Il secoua la tête, chassant ces pensées malsaines. Il ne voulait pas inquiéter Padmé davantage. Il se contenta de penser à elle, car c’était la chose qui le rendait le plus heureux du monde. Il arriva finalement devant ses appartements et, en ouvrant la porte, une vague de déception le traversa. Elle n’était pas là. Il prit la résolution de l’attendre sagement sur le canapé, lorsque C-3PO débarqua :
— Bien le bonjour, Maître Anakin ! La sénatrice m’a chargé de vous prévenir qu’elle a été retenue plus longtemps que prévu ! Mais ne vous inquiétez pas, elle ne tardera pas à revenir.
Toujours aussi optimiste, ce droïde.
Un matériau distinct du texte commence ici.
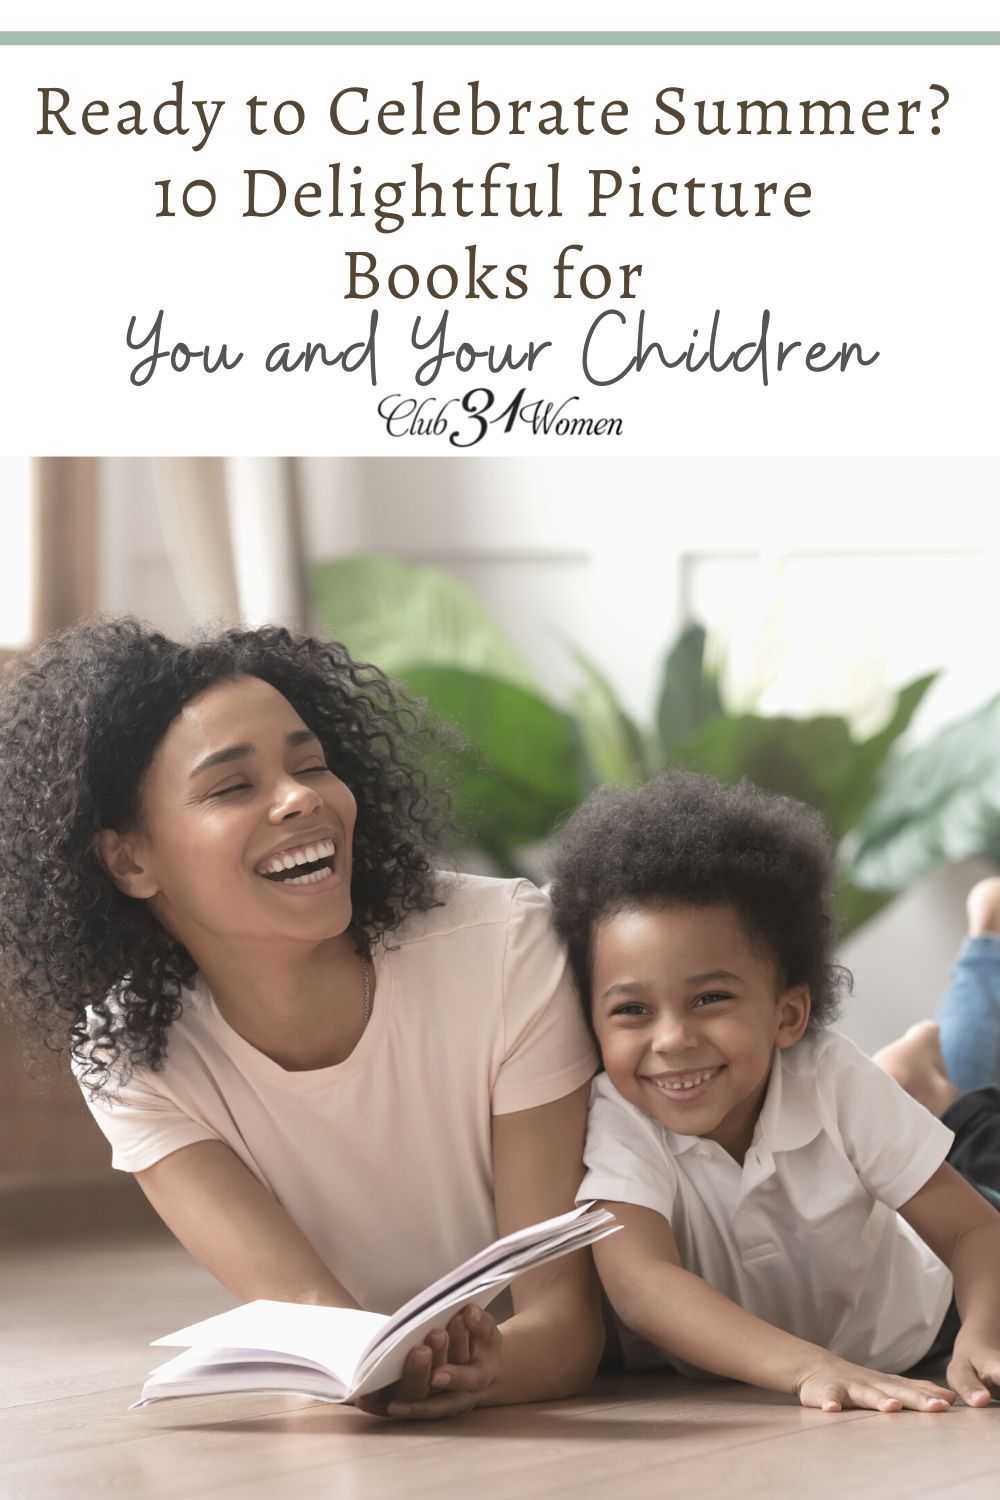 Having a stack of picture books during a rainy summer day is a great way to make memories with your children! Here are some fine suggestions! via @Club31Women

Anakin sourit et le remercia.
— Auriez-vous besoin de quelque chose ?
— Non, merci, ça va aller.
Sur ces paroles, le droïde doré s’en alla, proclamant qu’il se sentait totalement inutile. Anakin sourit malgré lui. Sans le vouloir, le robot lui avait remonté le moral, ce qui démentait ses paroles prononcées quelques instants plus tôt. Il fut tiré de ses réflexions par Padmé qui rentra tout sourire, ce qui fit rayonner de bonheur le jeune homme. Il lui sourit en retour et la salua.
[… ]
PDV de Sola
Encore une journée avait débuté. Il était à présent 18 heures, et j’étais sur la piste de danse. Soudain, une détonation retentit pas loin de nous. Je continue néanmoins de danser, mais une seconde détonation retentit, plus proche cette fois. Cette fois, tous les esclaves arrêtent de danser, et je me retourne vers l’endroit d’où provient le bruit. Puis une troisième détonation éclate, détruisant les murs devant nous. Tout le monde panique et se met à courir, sauf moi. Je sais que la voie de la liberté s’ouvre à moi, mais j’ai trop peur pour m’aventurer trop près de la détonation. Je me cache alors derrière un débris assez gros et j’attends. Mais une énième explosion surgit à côté de moi, et je perds connaissance.